European carriers saw demand increase by
2.2%. The lower growth primarily was triggered by the
aforementioned shutdown of Transaero and labor issues at
Lufthansa. Capacity slipped 0.1% and load factor rose 1.7
percentage points to 79.5%, highest among the regions.
North American airlines’ traffic climbed
2.1% in November. While this was weaker than the year-to-date
trend of 3.4%, capacity dipped 0.2%, boosting load factor 1.8
percentage points to 78.4%.
Middle East carriers had a 9.8% demand
increase in November. Capacity rose slightly faster at 11.5%
causing load factor to dip 1.0 percentage point to 69.4%. Business
conditions across the non-oil producing private sectors of the UAE
and Saudi Arabia appear to be strengthening, and this should help
sustain solid expansion in air passenger demand for local
carriers.
Latin American airlines saw November
traffic climb 10.7% compared to November 2014. Capacity increased
by 10.1%, pushing load factor up 0.3 percentage points to 78.9%.
Latin American carriers have seen robust growth in air travel, but
significant declines in yields, with weakness in the key economies
of Brazil and Argentina, placing significant downward pressure on
financial performance.
African airlines’ experienced their fifth
consecutive month of positive traffic growth in November, posting
a 12.2% rise compared to November 2014. However, the trend for the
year-to-date so far remains weak, with growth of just 1.3%
reflecting adverse economic developments in parts of the
continent, including in Nigeria, which is highly reliant on oil
revenues. Over the past few months, exports from Africa have held
up better than they did earlier in 2015, and this could be helping
boost international air travel on the region’s carriers.
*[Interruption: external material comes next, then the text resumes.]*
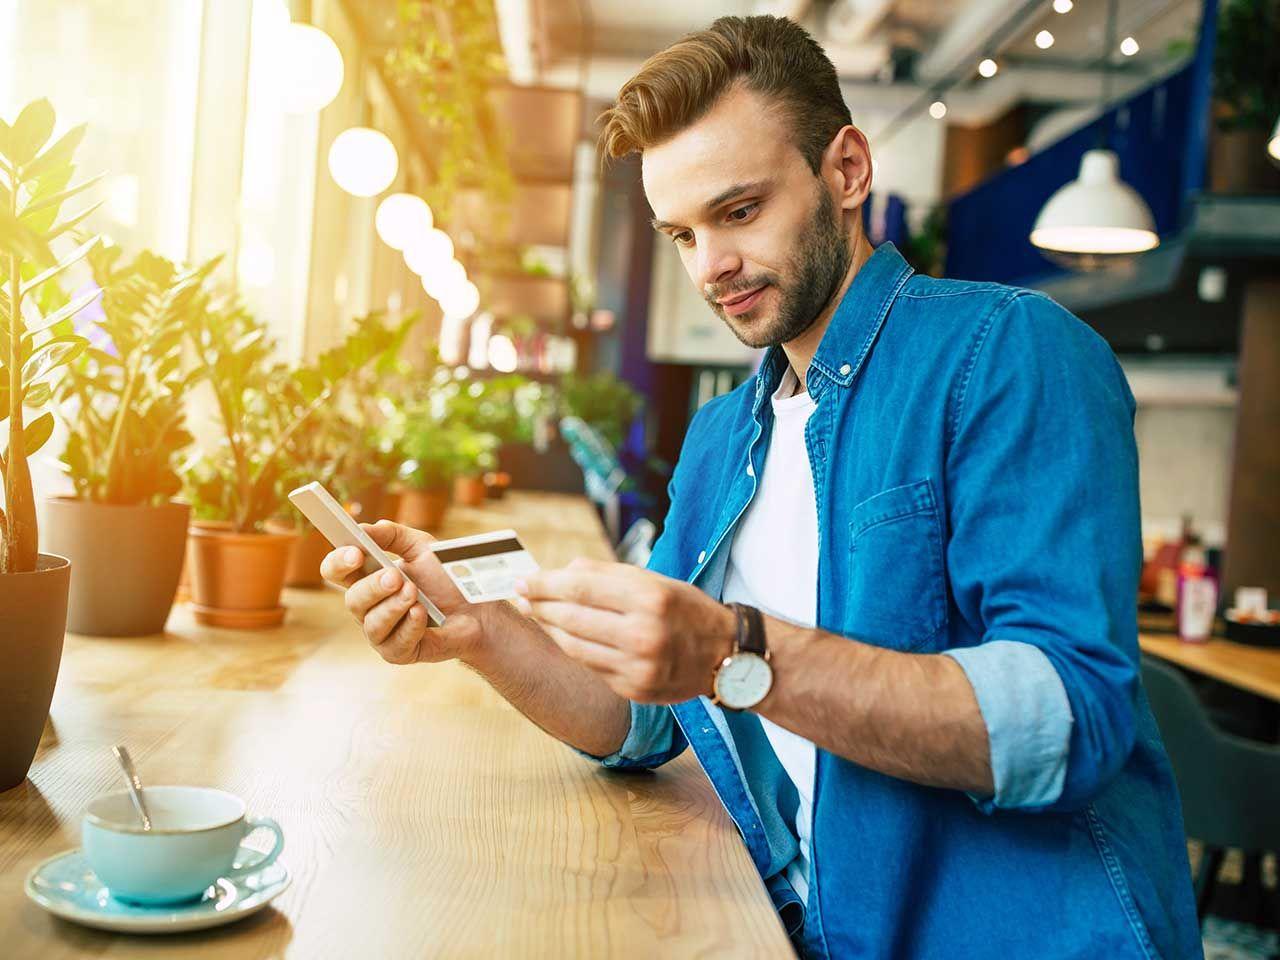 Un client en ligne paie en ligne via son smartphone

Capacity
rose 9.8% and load factor rose 1.5 percentage points to 65.1%.
Domestic Passenger
Markets
India’s strong results reflect notable
increases in service frequencies, ongoing economic strength and
the timing of the Diwali holiday, which occurred in October in
2014.
Air travel in Japan declined but measures
of manufacturing activity improved strongly during the month,
which should support rising passenger demand.
“The airline industry is delivering solid
financial and operational performance. The industry’s return on
capital for 2015 and 2016 is expected to exceed its cost of
capital—a very rare occurrence. This means we are on the path
toward financial sustainability. Consumers are benefitting from
lower fares, and airlines are able to invest in new aircraft that
are more comfortable, quieter and more environmentally friendly.
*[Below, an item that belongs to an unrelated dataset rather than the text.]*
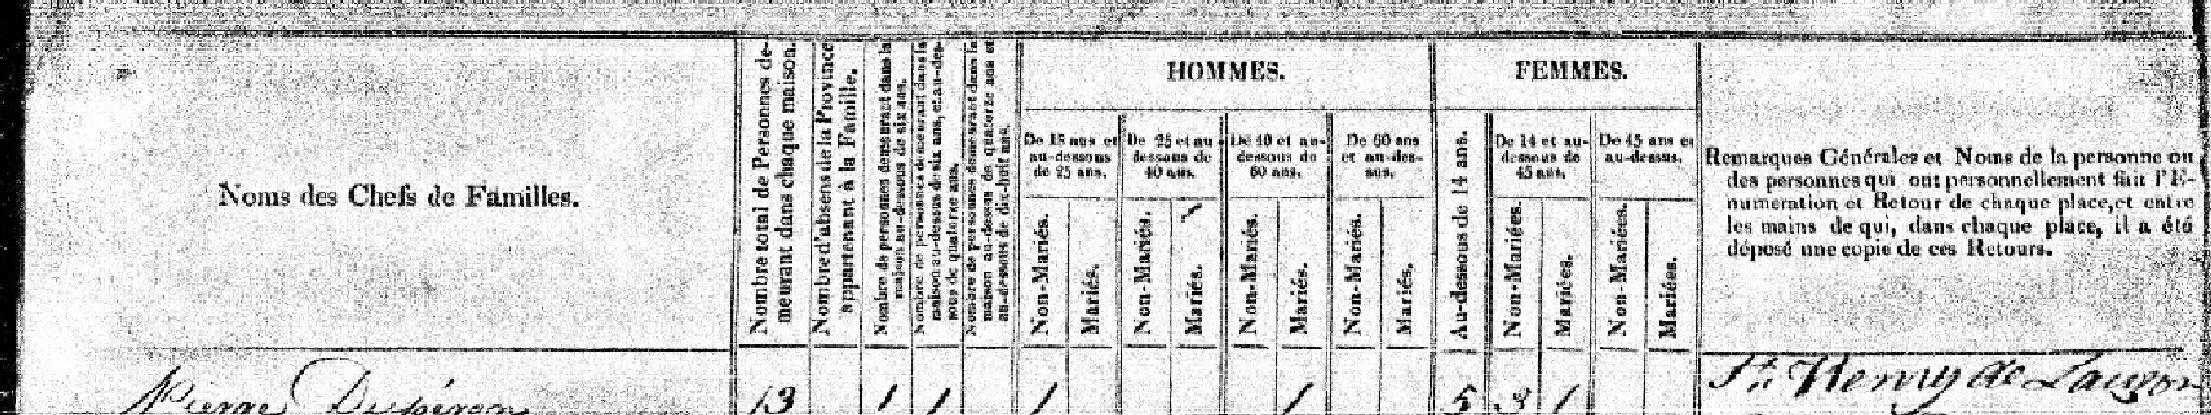 RECENSEMENT DE 1831 1825_r13

Passenger demand remains strong; however, the ongoing turmoil in
the global financial markets and concerns over slowing economic
growth in China are casting a shadow over the New Year. 2016 will
be a historic year for aviation as States come together at the
39th International Civil Aviation Organization Assembly to
discuss—and I hope agree—a market-based-measure that will allow
airlines to achieve carbon-neutral growth from 2020,” said Tyler.